TASK TO CARRY OUT:
Reproduce all the lines below exactly and omit the images.

RECORDS FOR PROCESSING section start

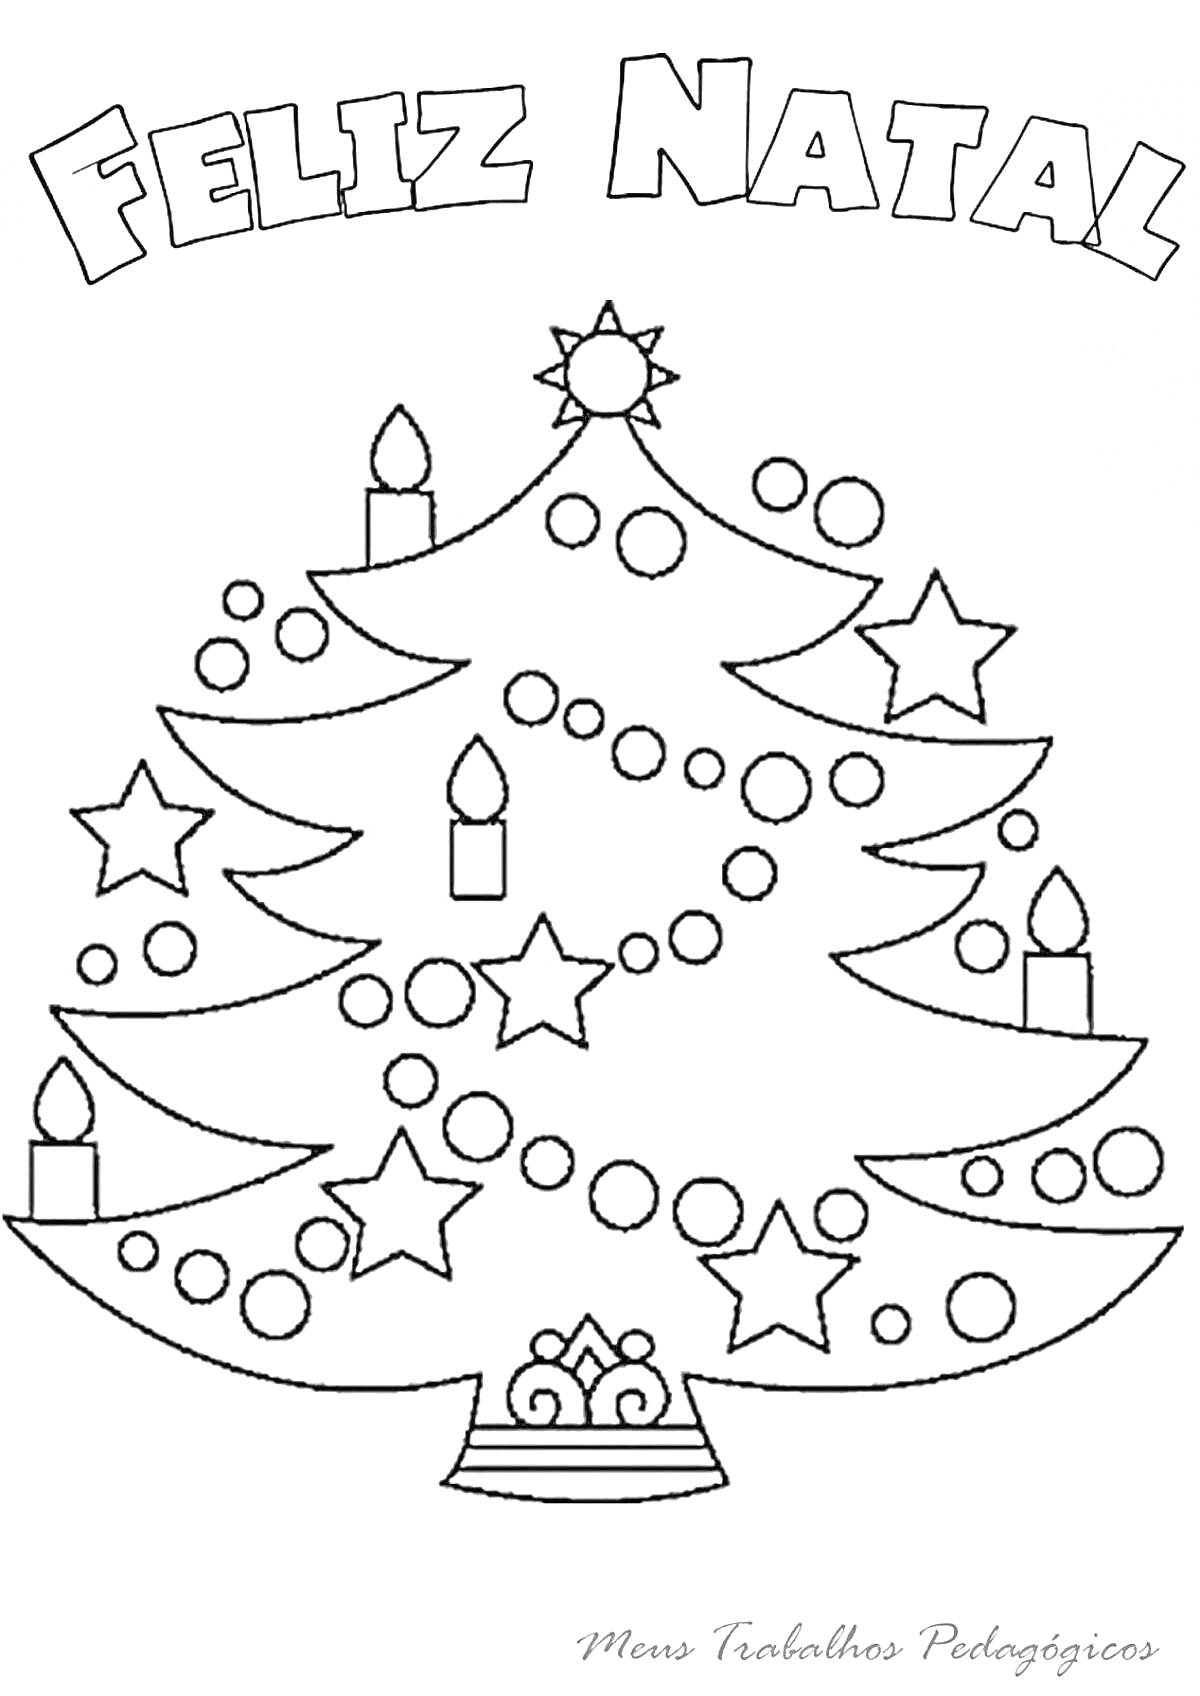 Раскраска Елка с игрушками, украшенная звездами, шарами и свечами, с надписью 
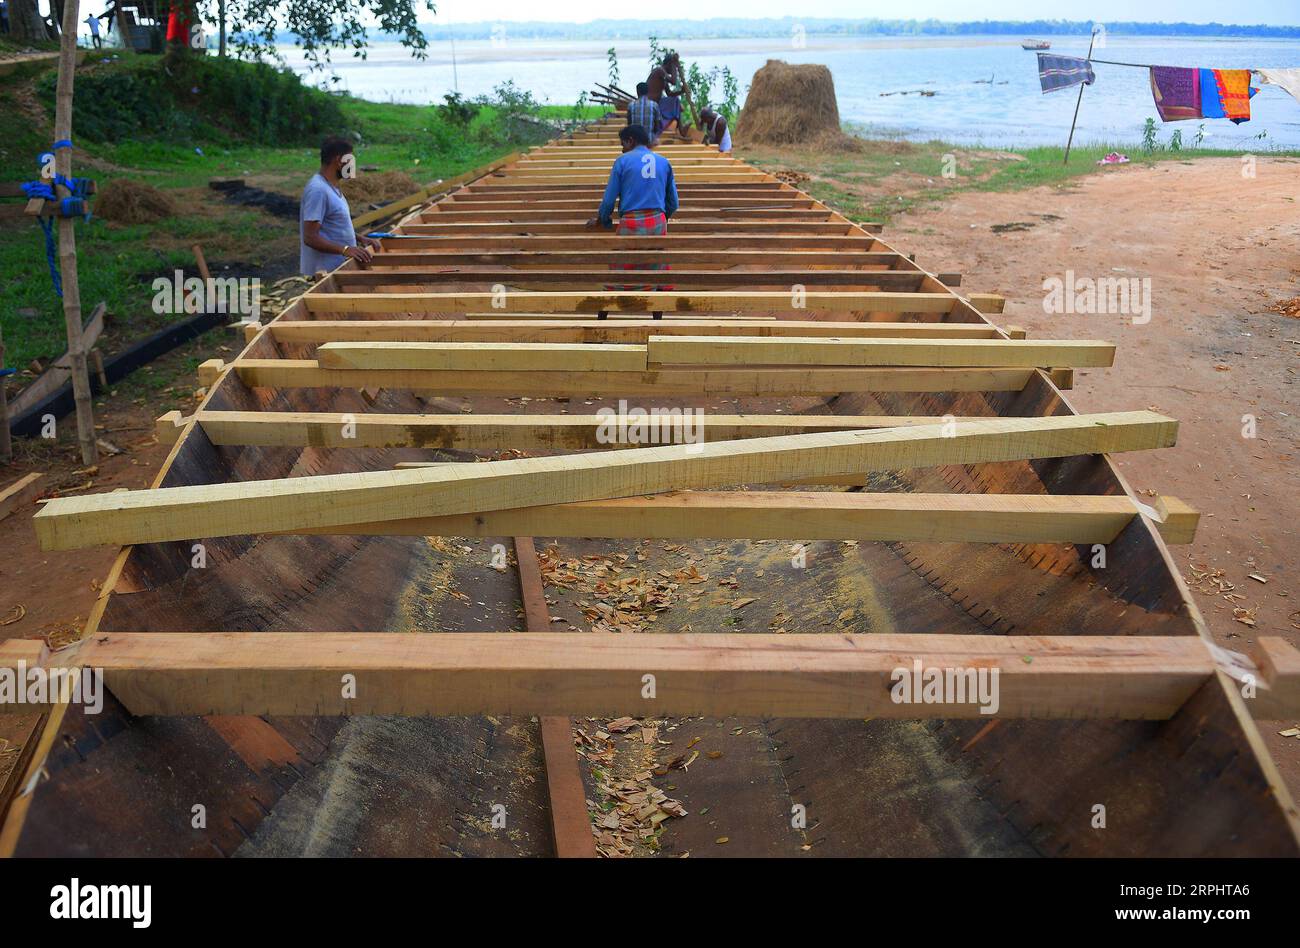 191117 -- AGARTALA, 17 novembre 2019 -- lavoratori indiani costruiscono una barca sulla riva di un lago ad Agartala, nello stato nordorientale di Tripura, India, 17 novembre 2019. Str/Xinhua INDIA-AGARTALA-DAILY LIFE Stringer PUBLICATIONxNOTxINxCHN Foto Stock
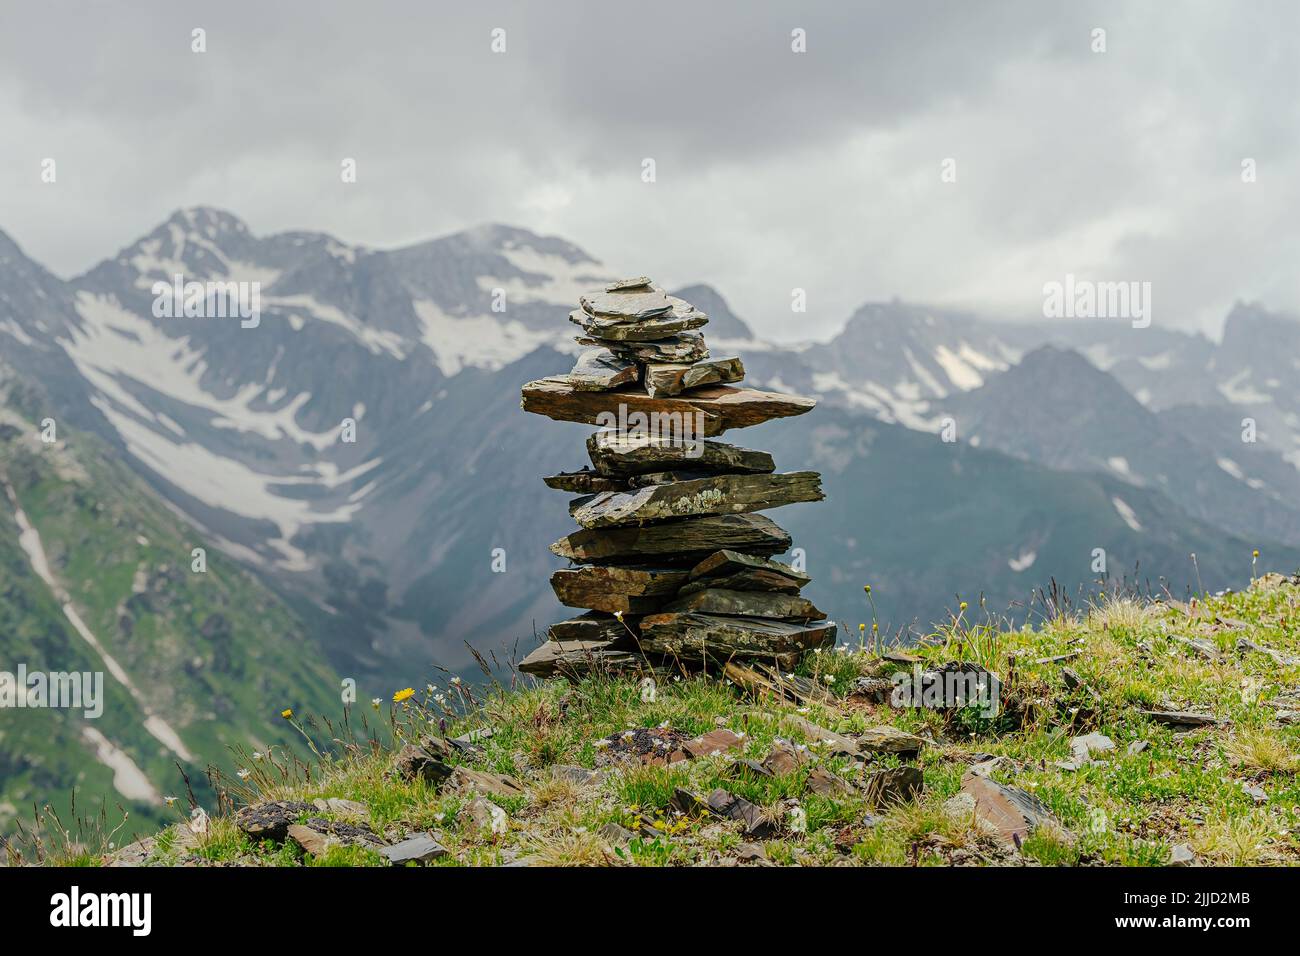 piedras piramidales en los picos nevados de las montañas Foto de stock
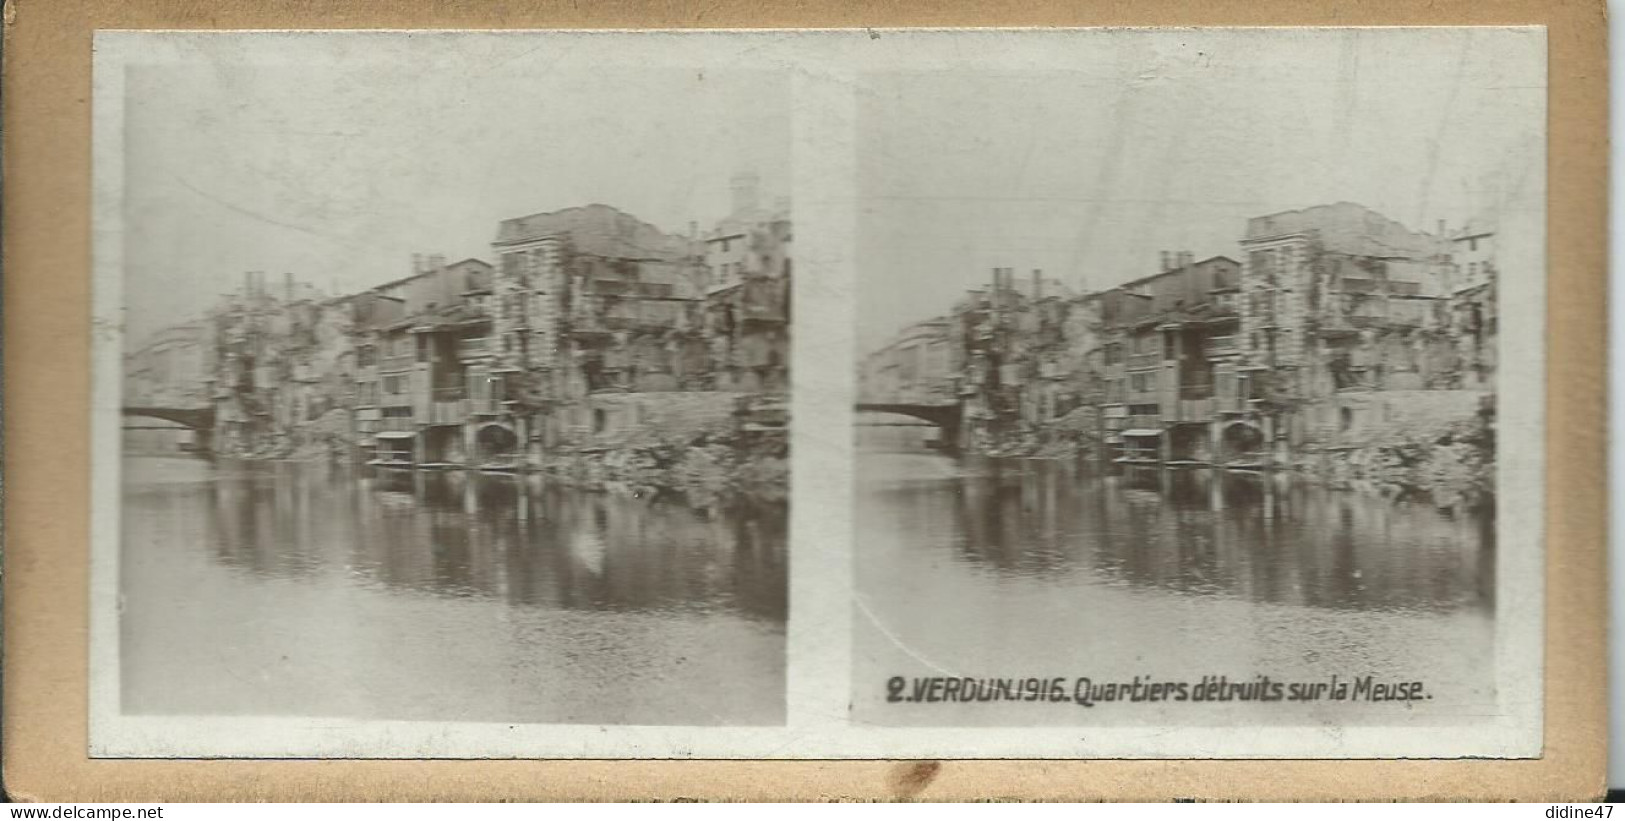 PHOTOS STÉRÉOSCOPIQUES - VERDUN - 1916 Quartier Détruit Sur La Meuse - Stereoscopio
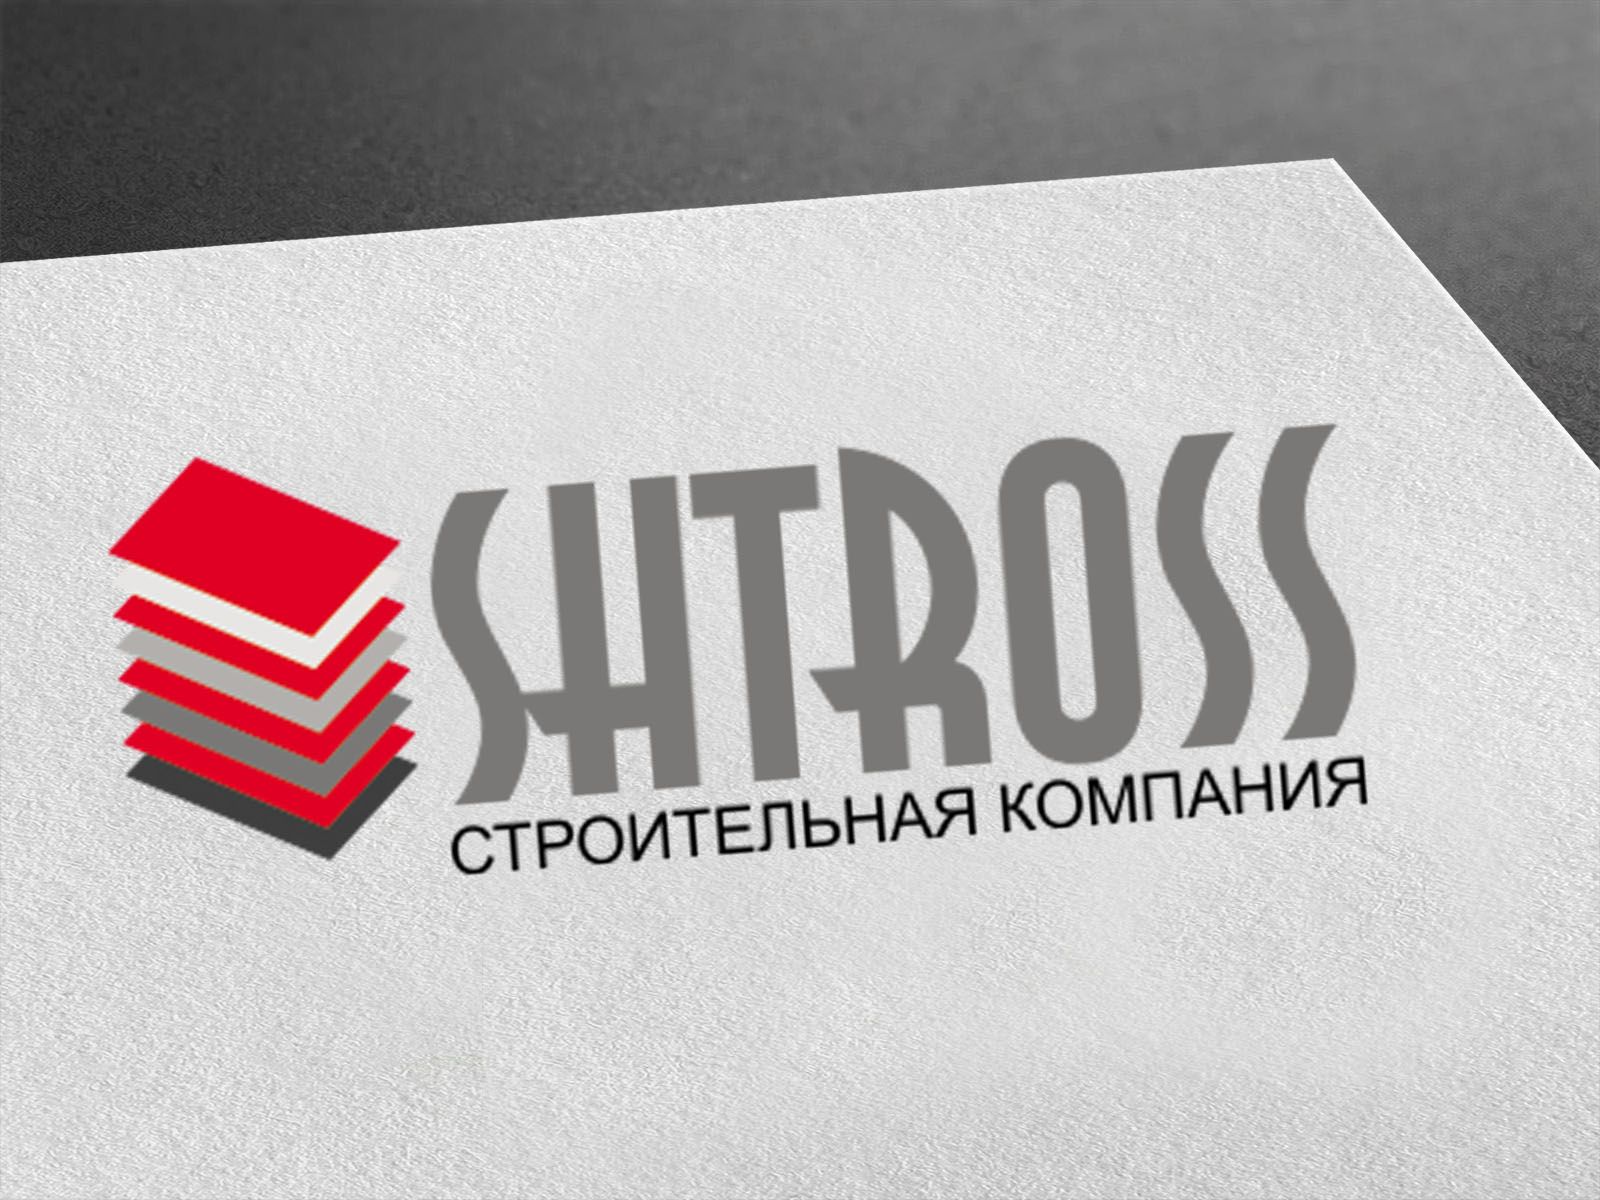 Логотип для строительной компании SHTROSS - дизайнер poch-home

RECORDS FOR PROCESSING section end

OUTPUT OF THE EXERCISE:
 Раскраска Елка с игрушками, украшенная звездами, шарами и свечами, с надписью 
 191117 -- AGARTALA, 17 novembre 2019 -- lavoratori indiani costruiscono una barca sulla riva di un lago ad Agartala, nello stato nordorientale di Tripura, India, 17 novembre 2019. Str/Xinhua INDIA-AGARTALA-DAILY LIFE Stringer PUBLICATIONxNOTxINxCHN Foto Stock
 piedras piramidales en los picos nevados de las montañas Foto de stock
 PHOTOS STÉRÉOSCOPIQUES - VERDUN - 1916 Quartier Détruit Sur La Meuse - Stereoscopio
 Логотип для строительной компании SHTROSS - дизайнер poch-home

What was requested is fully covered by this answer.